Govind Bell Acharya <ga47@cornell.edu>: I assume you saw the response from Nick Cox. Assuming you want variables named a-f as below,, and you've got an interviewer id/name variable a on some data with a variable q which is the reponse to an item, where missing is appropriately coded (. or .a through .z), and surveyid indexing each survey, you can bys a surveyid: gen fq=_n==1 g miss=mi(q) bys a: g d=_N collapse (sum) b=fq (sum) c=miss d, by(a) gen e=c/d You can get the mean over some group of interviewers with egen mpcmi=mean(e), by(groupvar) though if you want the mean over everyone, so that f is the same for everyone, you should just su e, meanonly gen f=e-r(mean) See also -help collapse- and http://www.stata.com/support/faqs/data/weighted.html among other resources.
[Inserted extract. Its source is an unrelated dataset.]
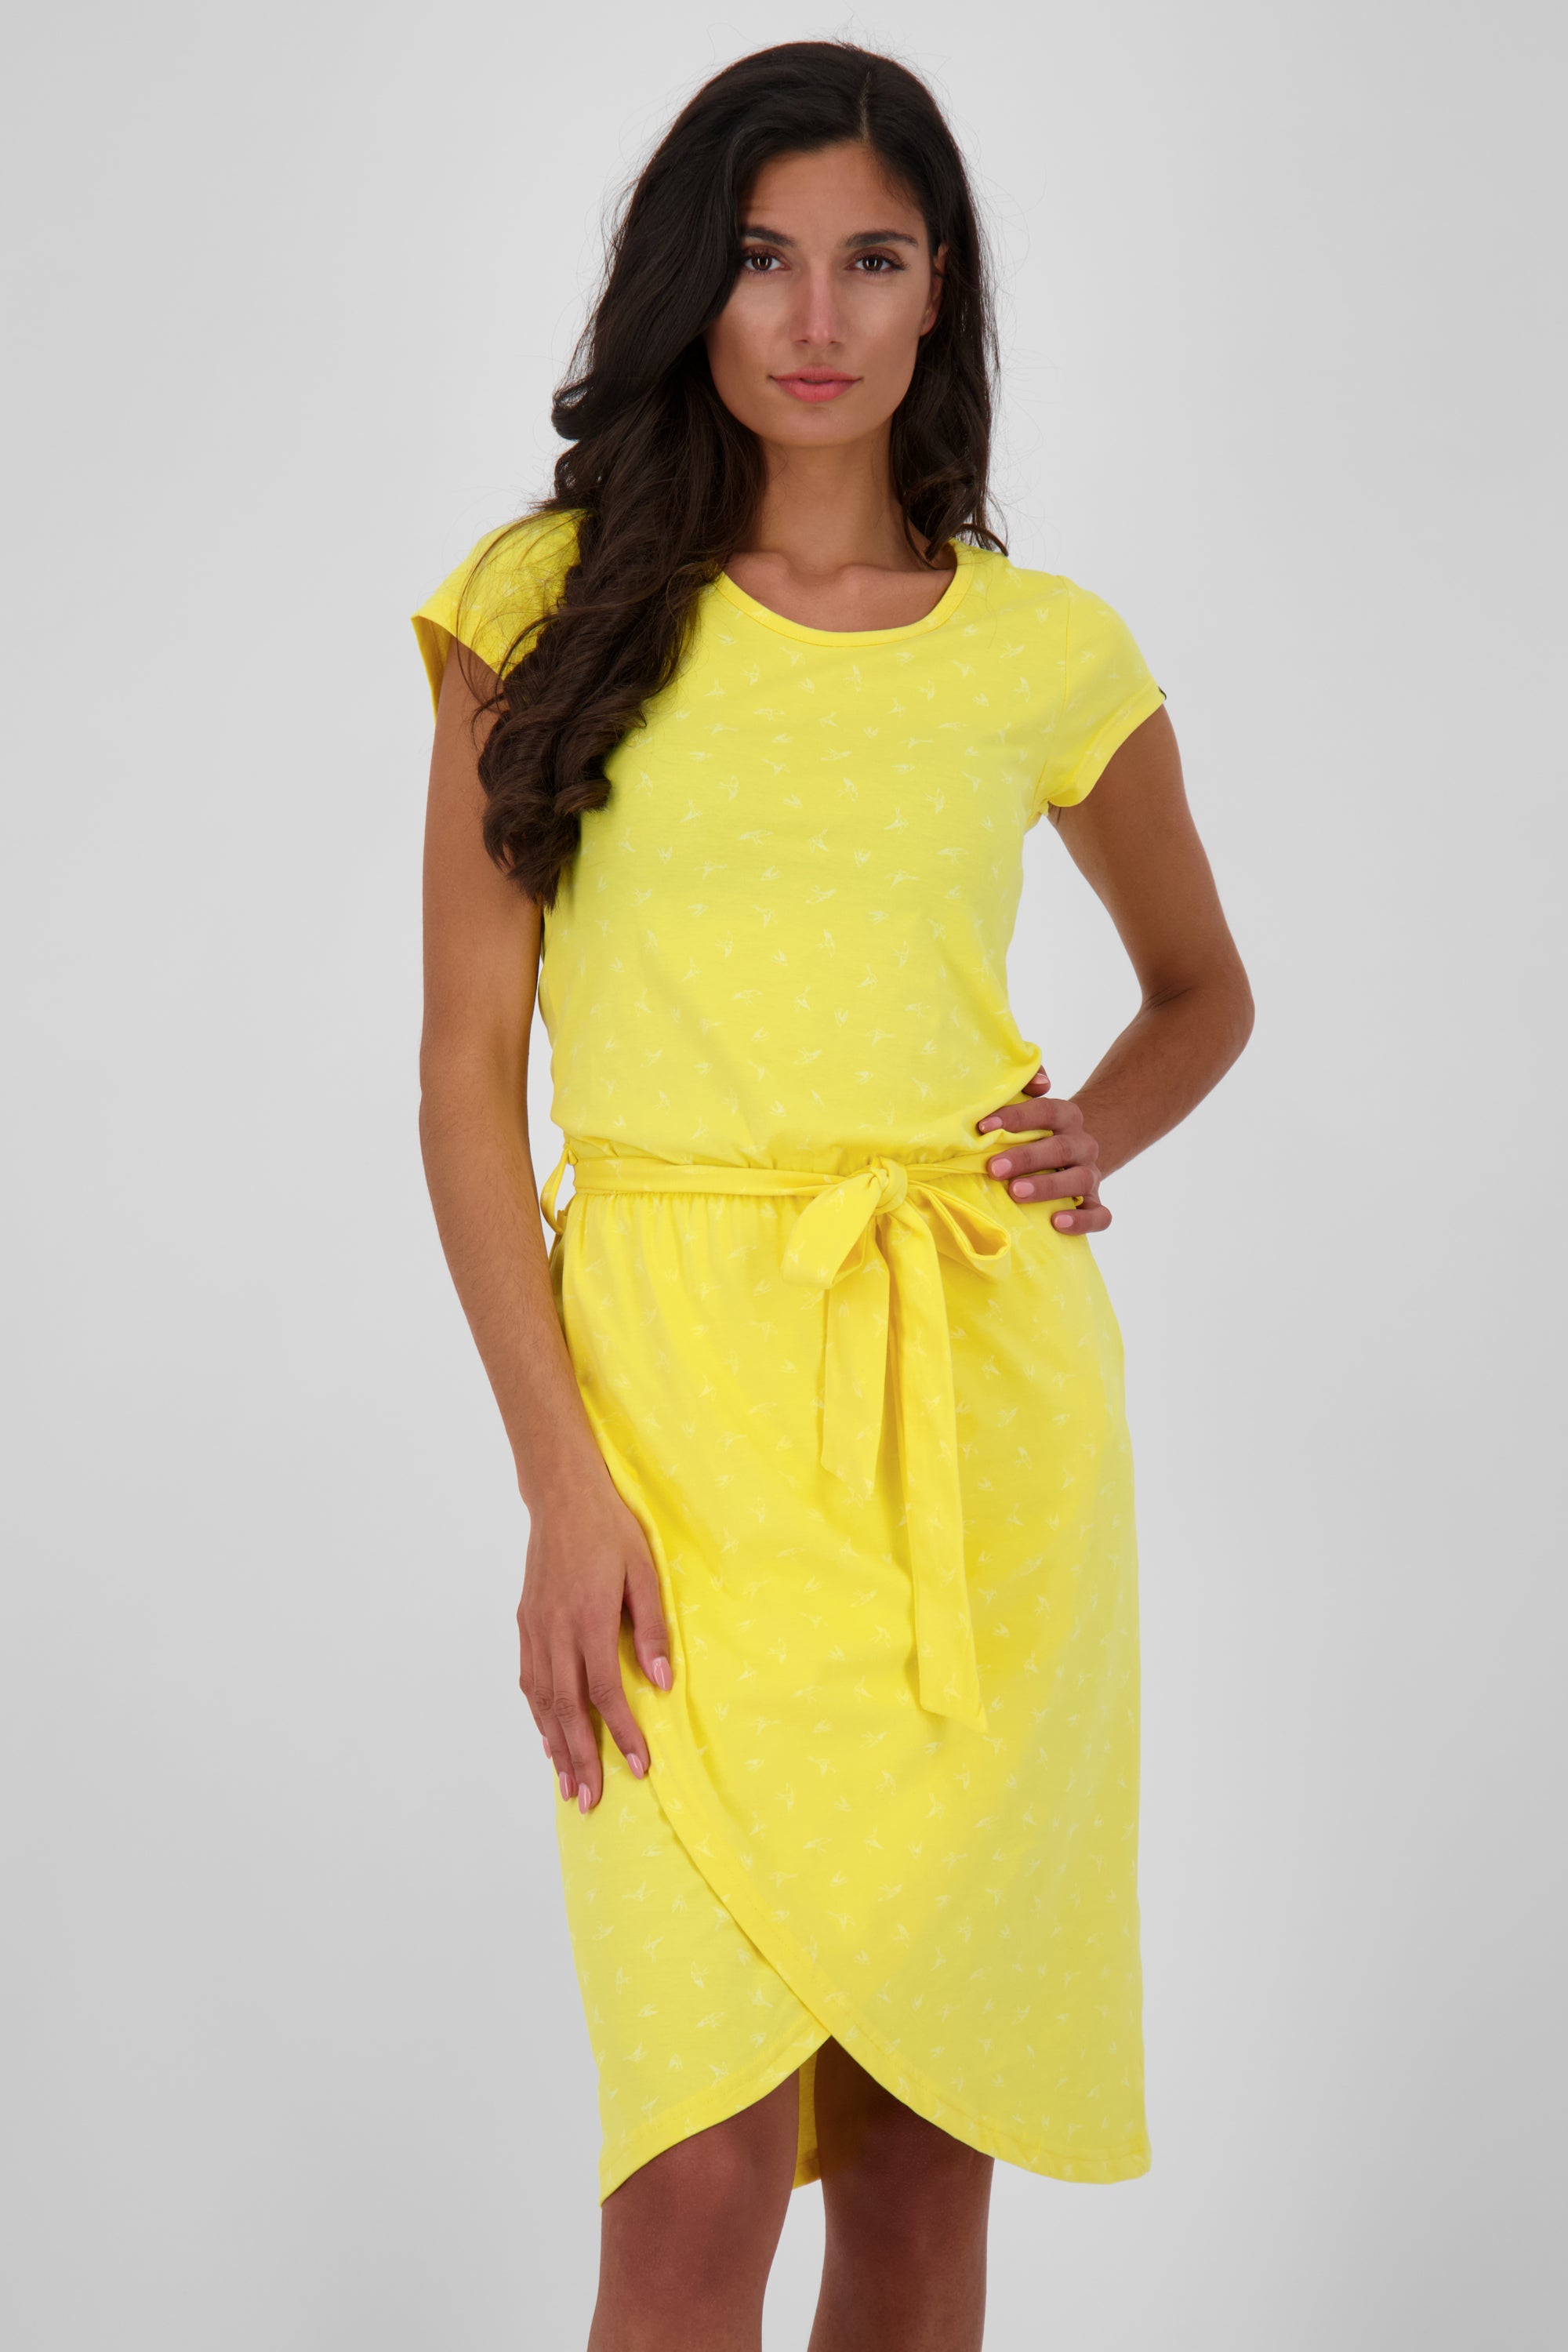 TheaAK Damenkleid mit Allover-Print für den perfekten Sommer-Look Gelb

On 7/21/07, Govind Bell Acharya <ga47@cornell.edu> wrote:

For our research, we use telephone interviewers to conduct a number of surveys. At the moment, it is a challenge to detect whether the number of items where the interviewer coded the missing data (don't know or refused options) is above or below the overall mean of missing values. I did something like that using the proc sql command in SAS, but it is (as SAS is in general), extremely unwieldy and creates major issues such as (f) below. In any case, here is what I have in mind (a)Name (b)# surveys complete (c)# missing (d)# questions asked (e) (c)/(d) (f) [sum of (c)]/[sum of (d)] (g) [(e)-(f)]